Next, edit your /etc/conf.d/local.start to run that file at boot.

All it does is to see if ETH0 got an ipaddress from earlier in the init.  If not, assign one.

You may want to go in to your /etc/init.d files that have a "need" set on "net" (like samba and the like) and change it to "use".   See the RC script docs for the details.   That just keeps services from failing because DHCPCD didn't find an address (annoying on laptops)

----------

## aja

Sorry for ignoring you.  The problem above got moved to the bottom of the stack by a typoed make.conf followed by a emerge -e world.  Putting out fires and trying to get system up right now.
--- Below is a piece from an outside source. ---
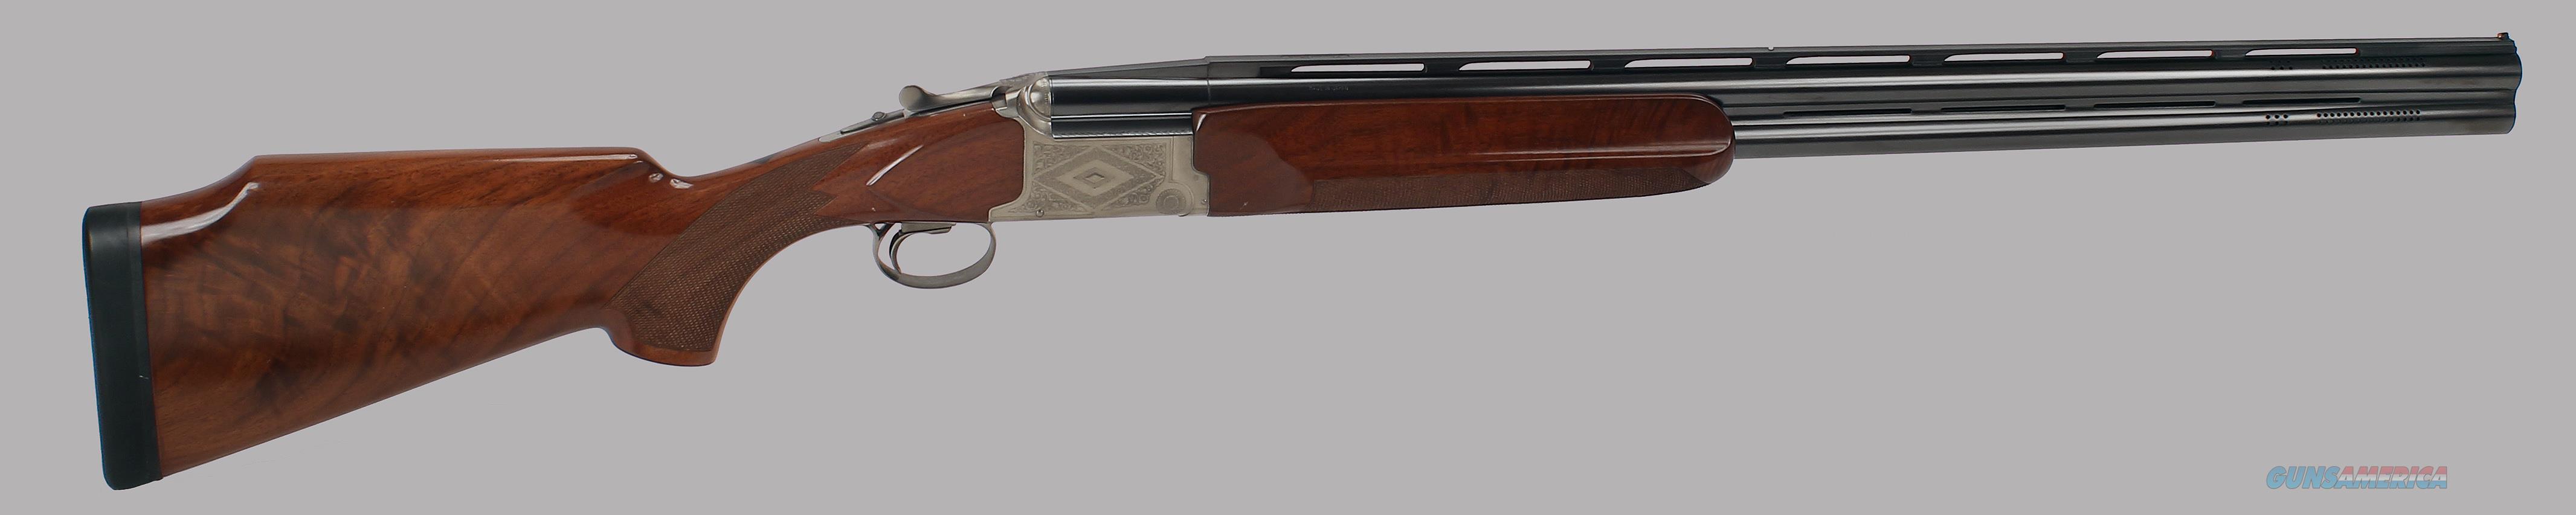 Winchester 101 Diamond Grade 12ga O/U & Single Barrel Shotgun  Guns > Shotguns > Winchester Shotguns - Modern > O/U > Trap/Skeet

Thanks for your notes - I'll try the script when I get things back up.  A bit more involved than I was hoping for - but it has promise (I might also be able to modify it to handle some of the missing NFS share problems that I also have when traveling).

Appreciate your time.

----------

## kybber

 *aja wrote:*   

> (I might also be able to modify it to handle some of the missing NFS share problems that I also have when traveling).
> 
> 

 

Have you taken a look at automount? I use that on my laptop for NFS shares. It is absolutely brilliant once you set it up right. I recommend using symlinks to the various autofs-dirs and accessign the nfs drives through the symlinks. That way the name of the drive/dir is accessible at all times, and the drive will be mounted as you tab-complete the symlink.

----------

## ZagiFlyer

Have you looked at QuickSwitch? I used it when I needed to roam and it worked well.

----------

## aja

 *ZagiFlyer wrote:*   

> Have you looked at QuickSwitch? I used it when I needed to roam and it worked well.

 

THAT's what I was looking for!  <scribble,scribble>  Will try it out.  TX.

----------

## aja

 *kybber wrote:*   

> 
> 
> Have you taken a look at automount? I use that on my laptop for NFS shares. 

 

Doh.  Of course.  I actually already have it installed.  Was on my list o 'thingstaconfigure'.  Tx for reminding me.  YP is a delight for laptops, too.

----------